55th season of the Eredivisie

The 2010–11 Eredivisie is the 55th season of Eredivisie since its establishment in 1955. It began on 6 August 2010 with the first matches of the season and ended on 29 May 2011 with the last matches of the European competition and relegation playoffs. FC Twente were the reigning champions, having won their first Dutch championship the previous season. A total of 18 teams took part in the league.
Ajax won their 30th title after beating FC Twente 3–1 on 15 May 2011.

==Teams==
RKC Waalwijk were directly relegated to the 2010–11 Eerste Divisie at the end of last season after finishing the season at the bottom of the table, ending one season at the highest division of Dutch football. They were replaced by 2009–10 Eerste Divisie champions De Graafschap, who return to the Eredivisie after one season.
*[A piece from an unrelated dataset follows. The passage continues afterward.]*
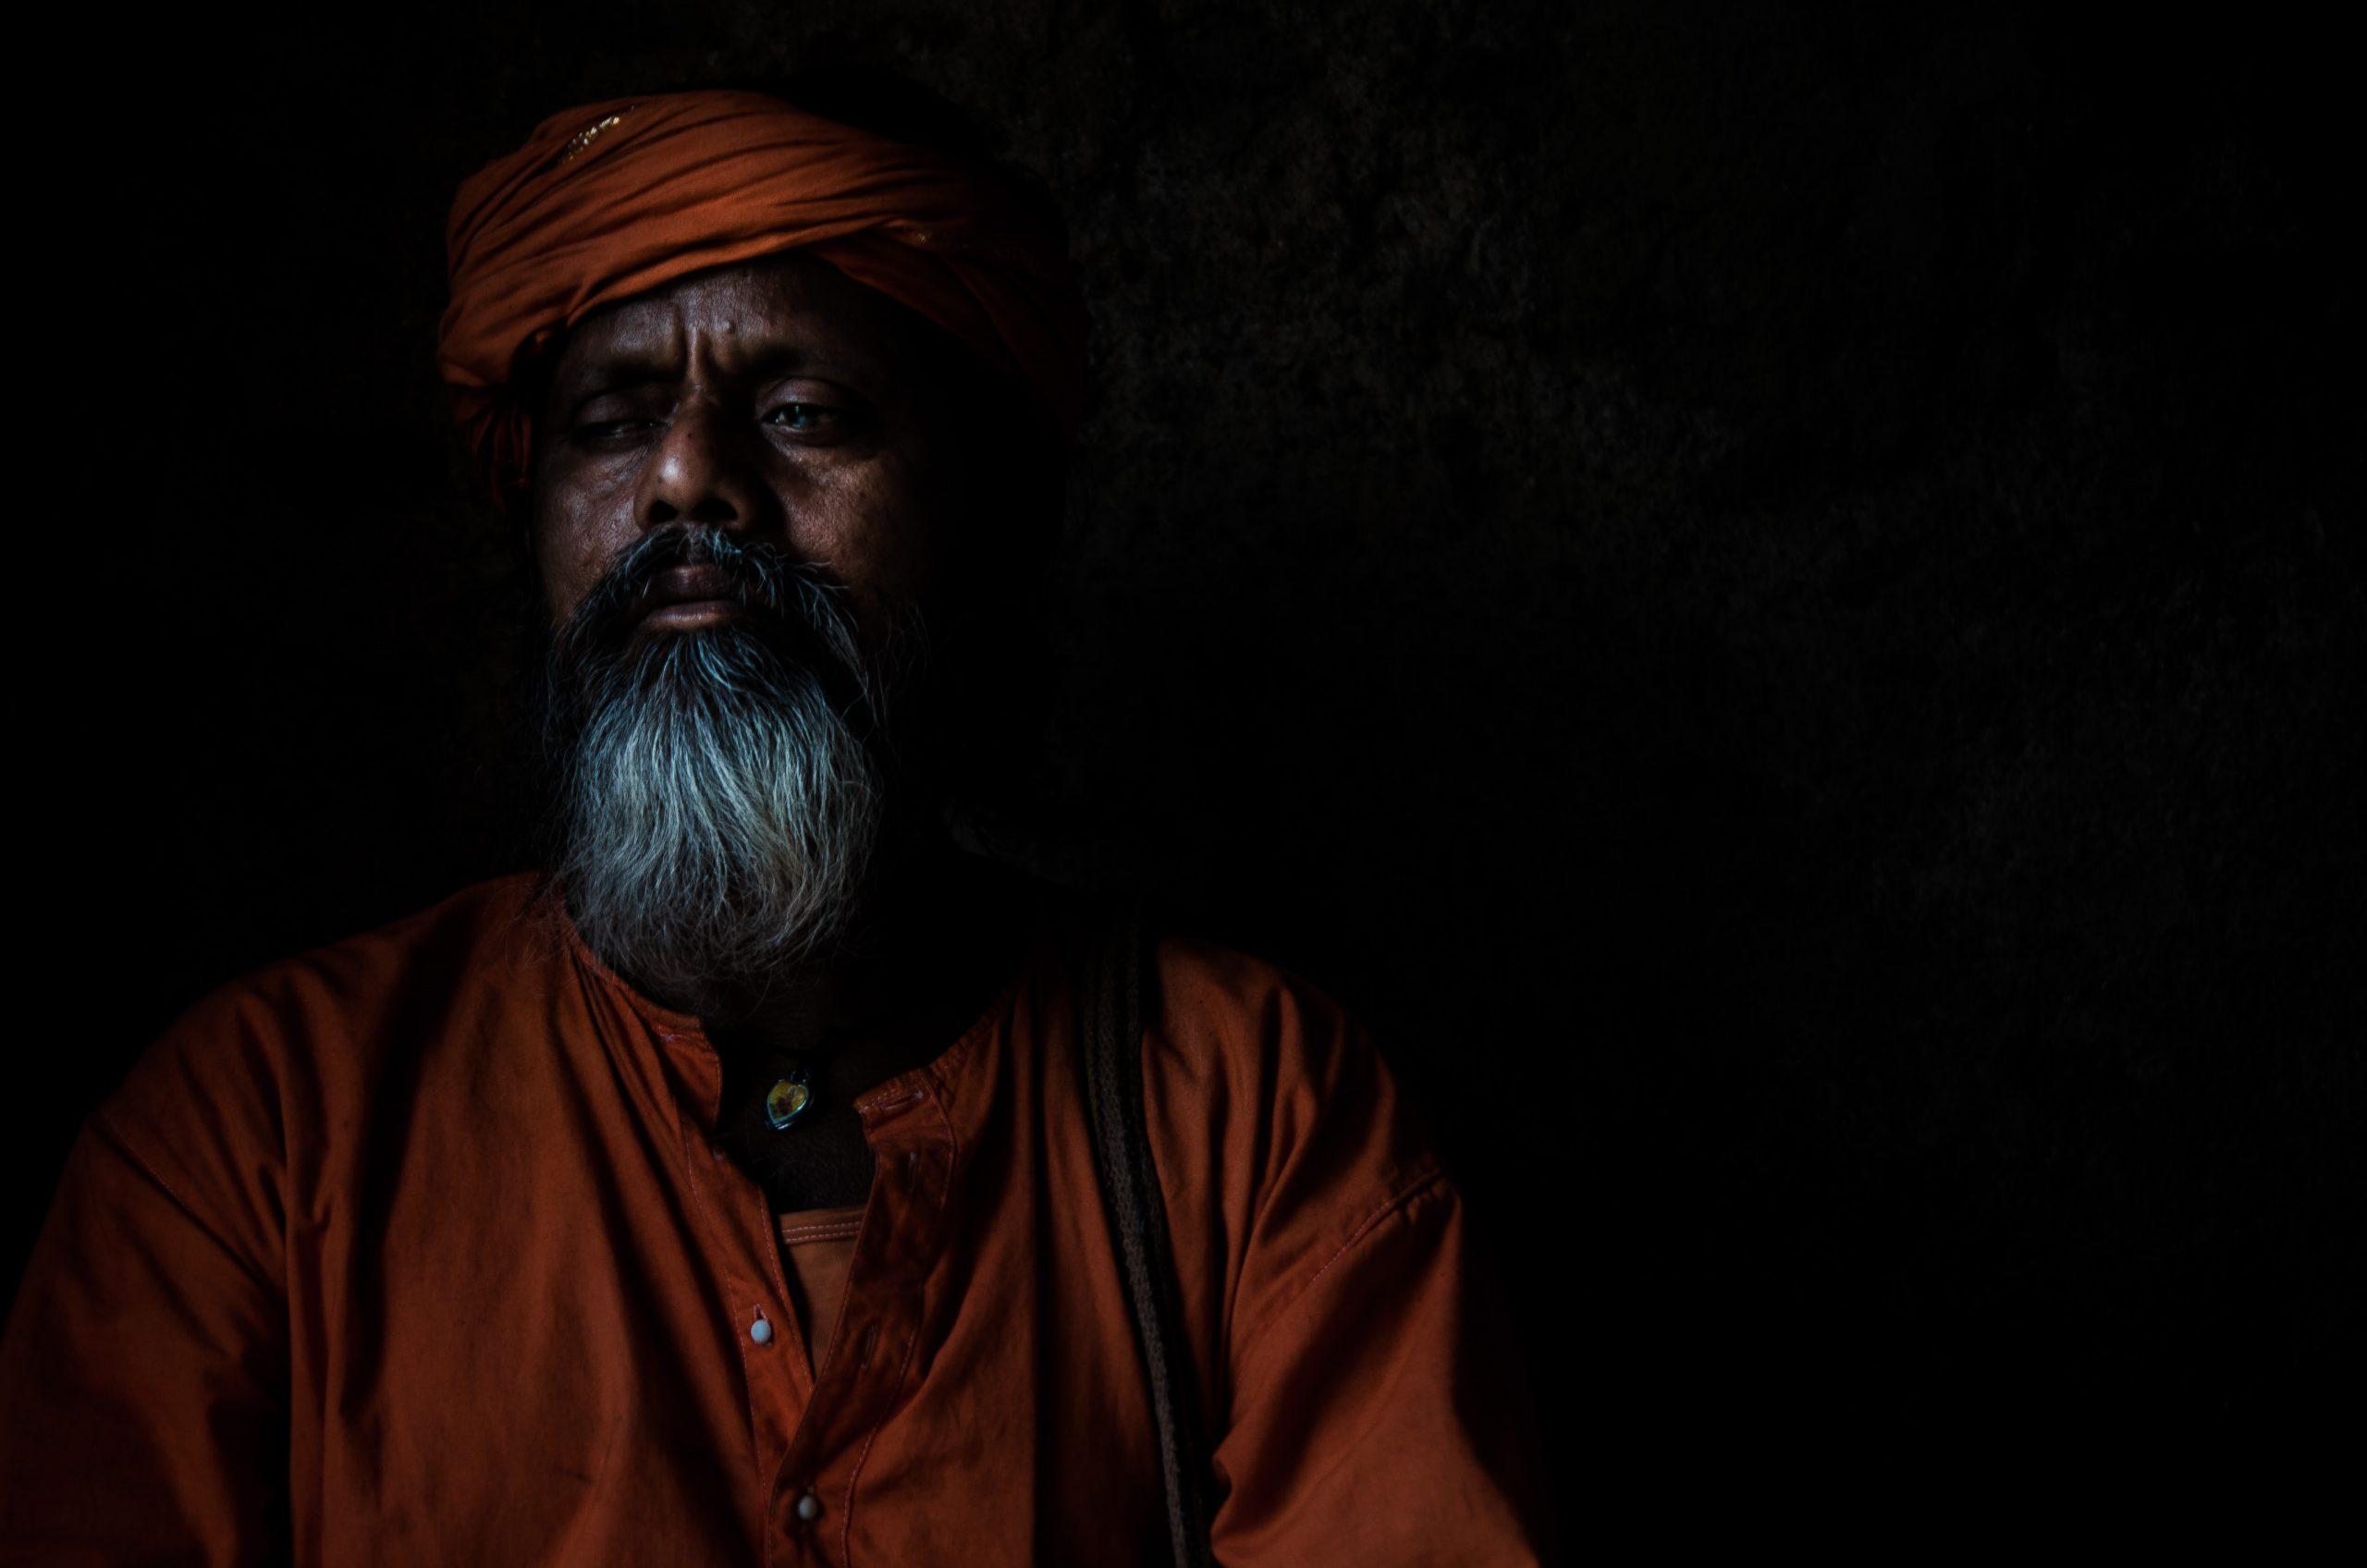 viaje fotográfico india norte

Sparta Rotterdam were also relegated at the end of the promotion/relegation playoff tournament, as they lost their two-legged play-off against city rivals Excelsior on away goals. Sparta hence completed a 5-year stint in the league, while Excelsior played for the first time at the top level in 2 years. In contrast, Willem II retained their Eredivisie spot after beating Go Ahead Eagles after extra time of the return leg.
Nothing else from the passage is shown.